__Source information__.
# # # # #
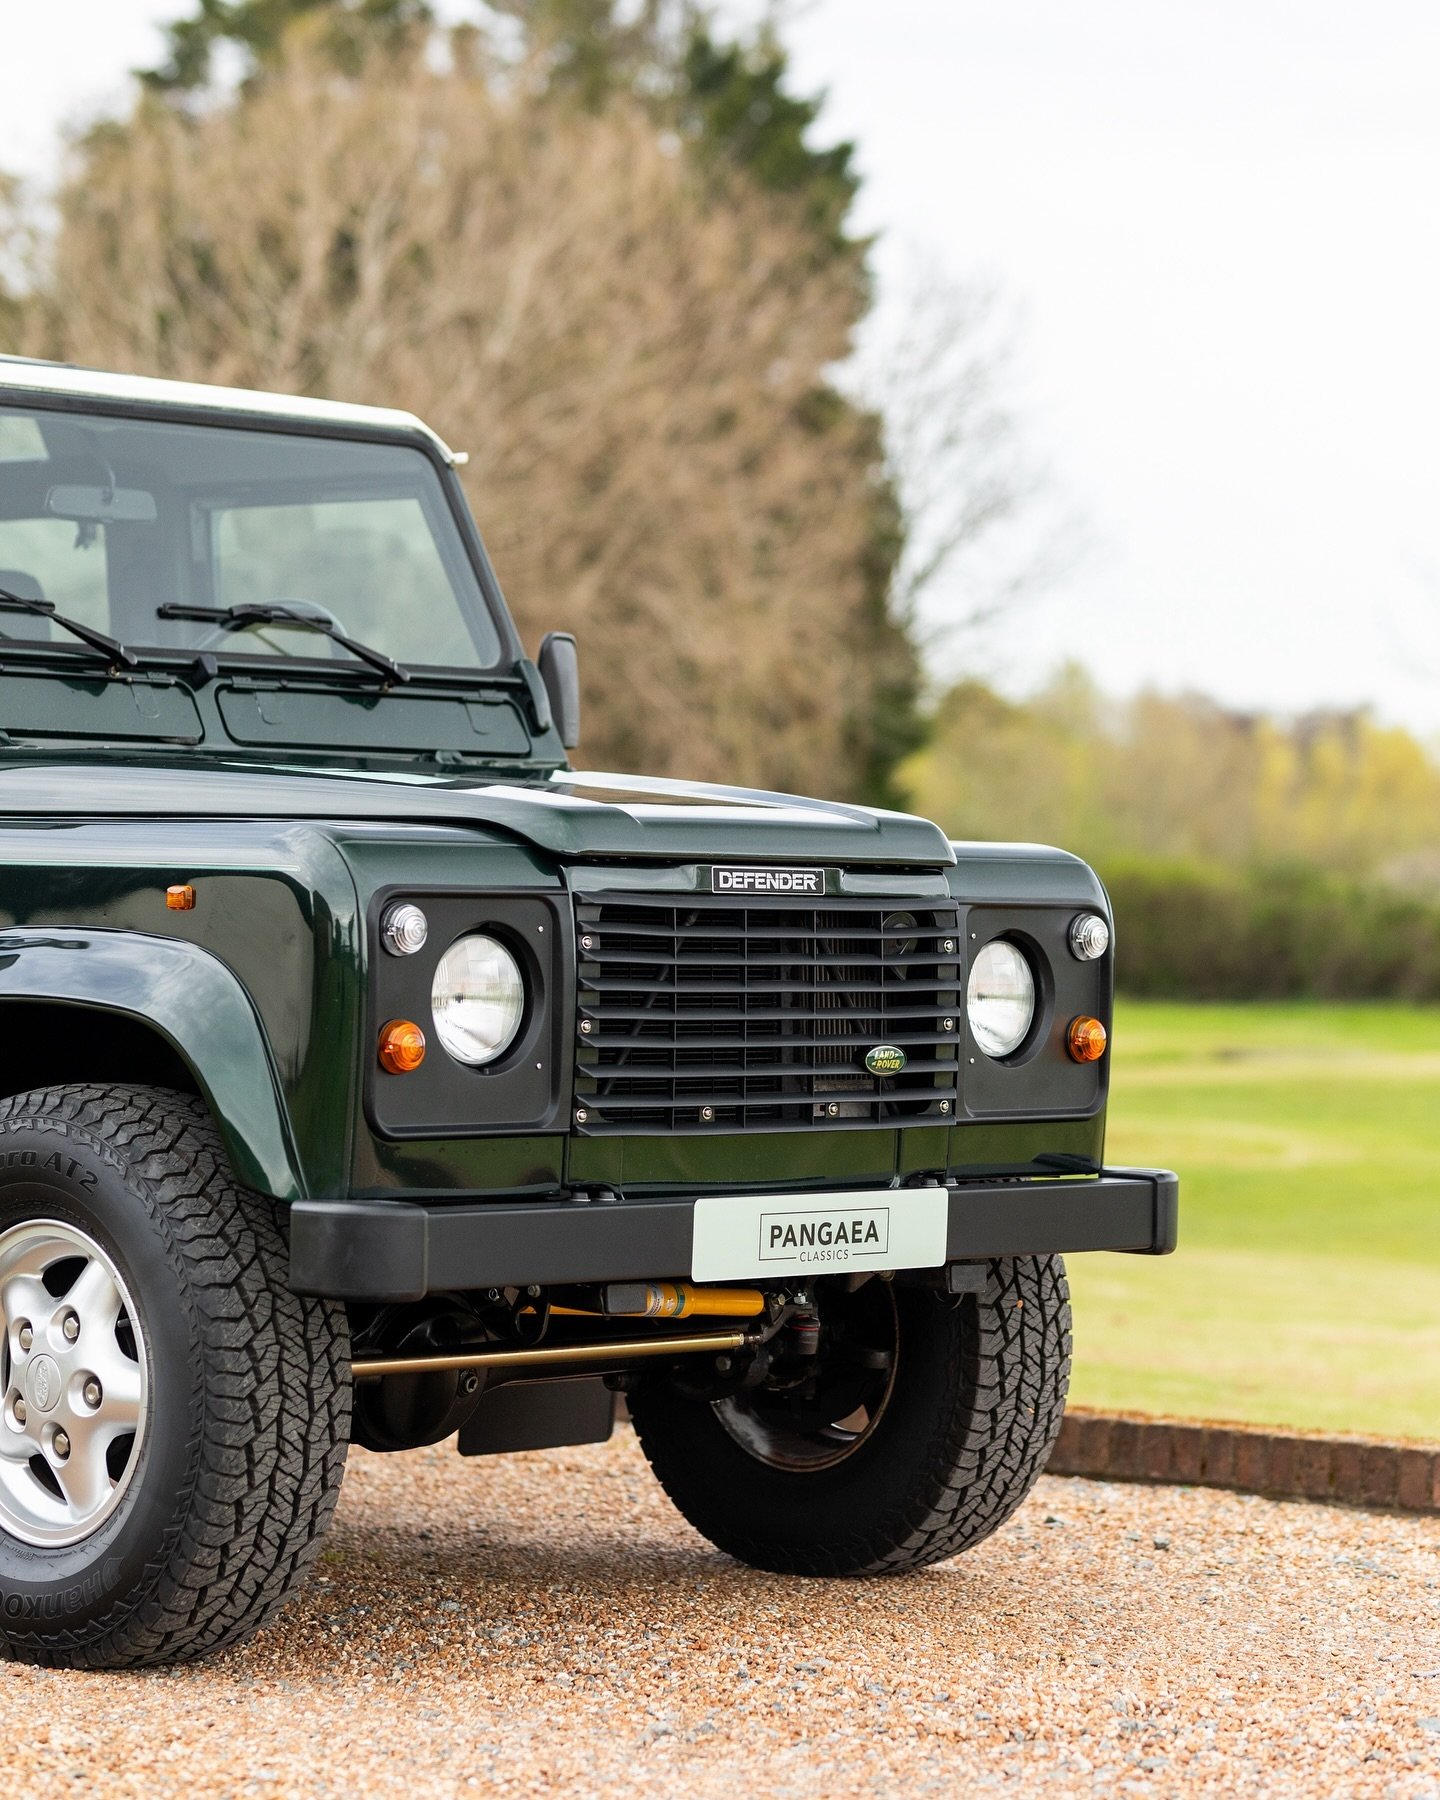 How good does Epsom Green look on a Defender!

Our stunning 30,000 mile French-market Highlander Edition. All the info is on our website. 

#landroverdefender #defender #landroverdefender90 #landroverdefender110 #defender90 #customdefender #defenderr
# # # # #
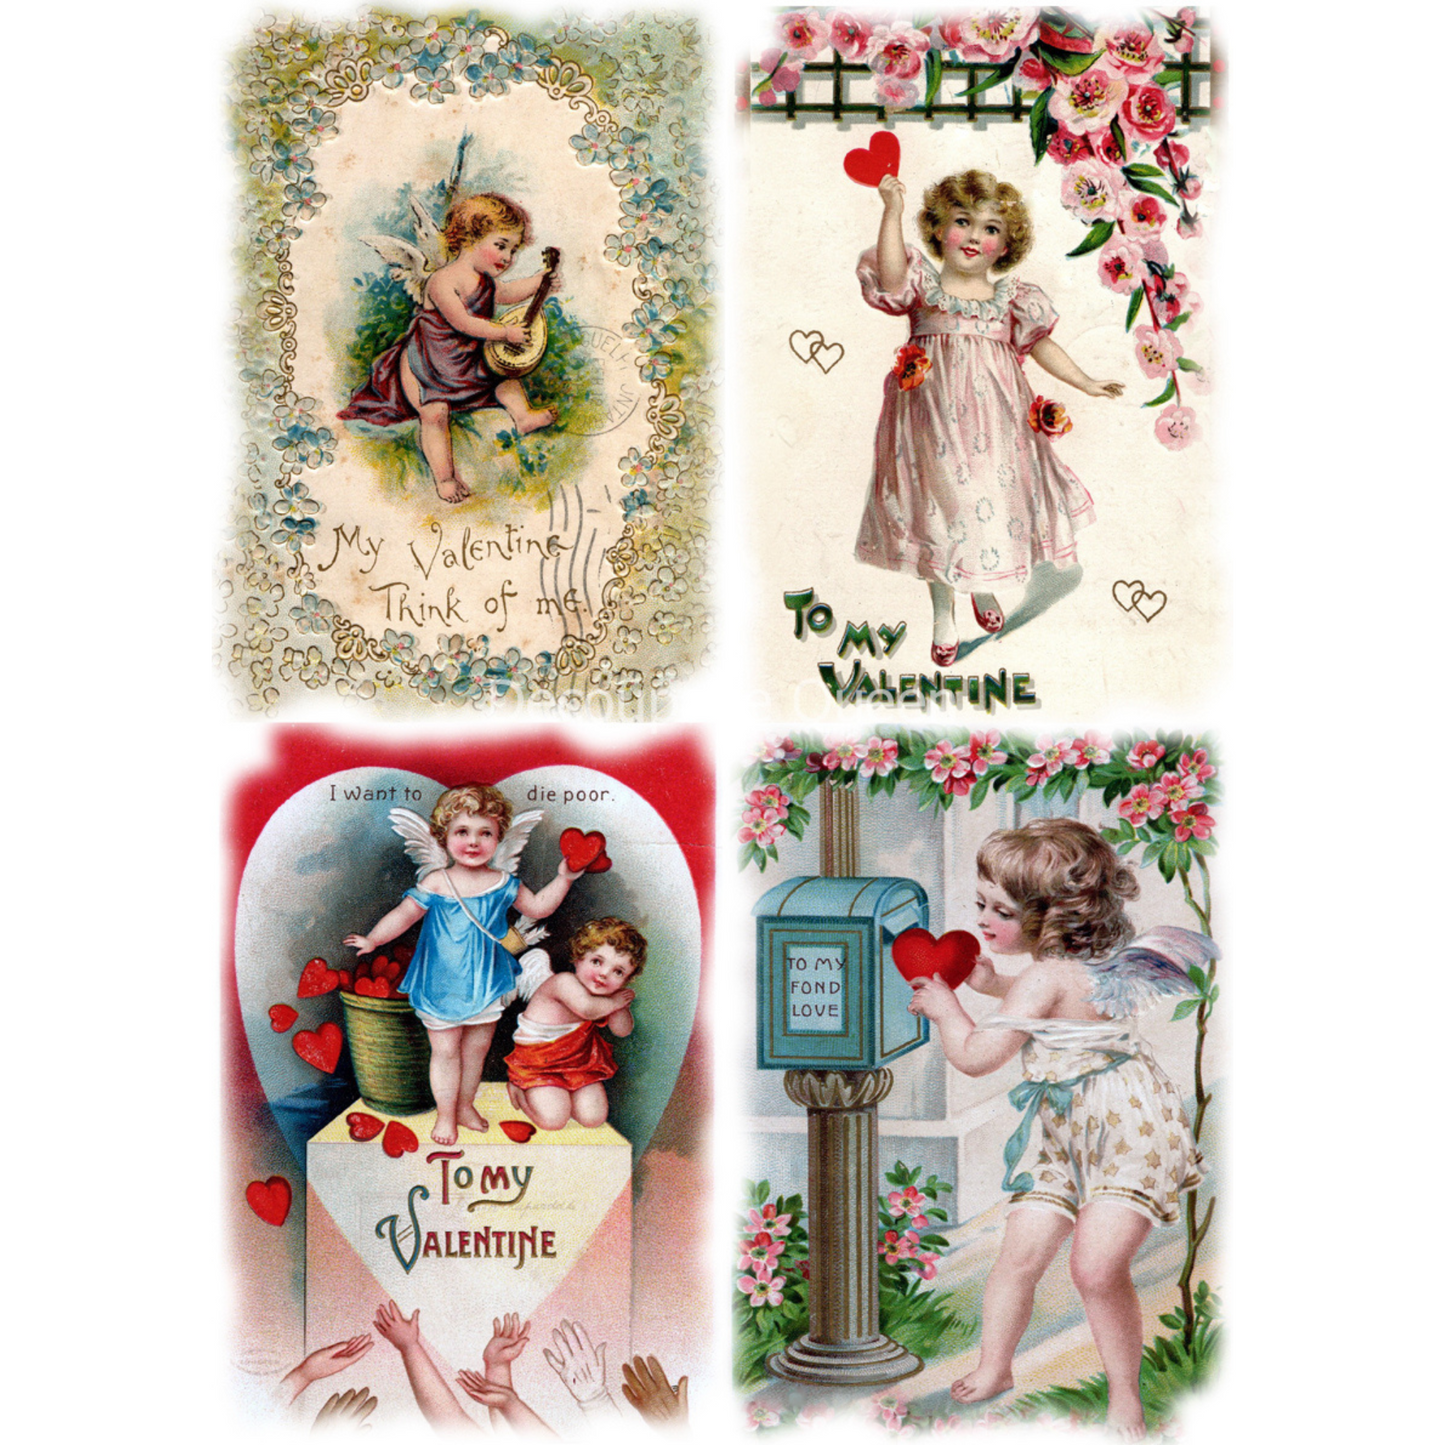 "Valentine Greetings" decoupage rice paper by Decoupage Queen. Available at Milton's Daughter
# # # # #
__What you have to do__.
Work from the entries above. Set down exactly and only the lines from the line with "How good does" to the line with "#landroverdefender #defender #landroverdefender90", both included, and leave the pictures out.

__Solution__.
 How good does Epsom Green look on a Defender!

Our stunning 30,000 mile French-market Highlander Edition. All the info is on our website. 

#landroverdefender #defender #landroverdefender90 #landroverdefender110 #defender90 #customdefender #defenderr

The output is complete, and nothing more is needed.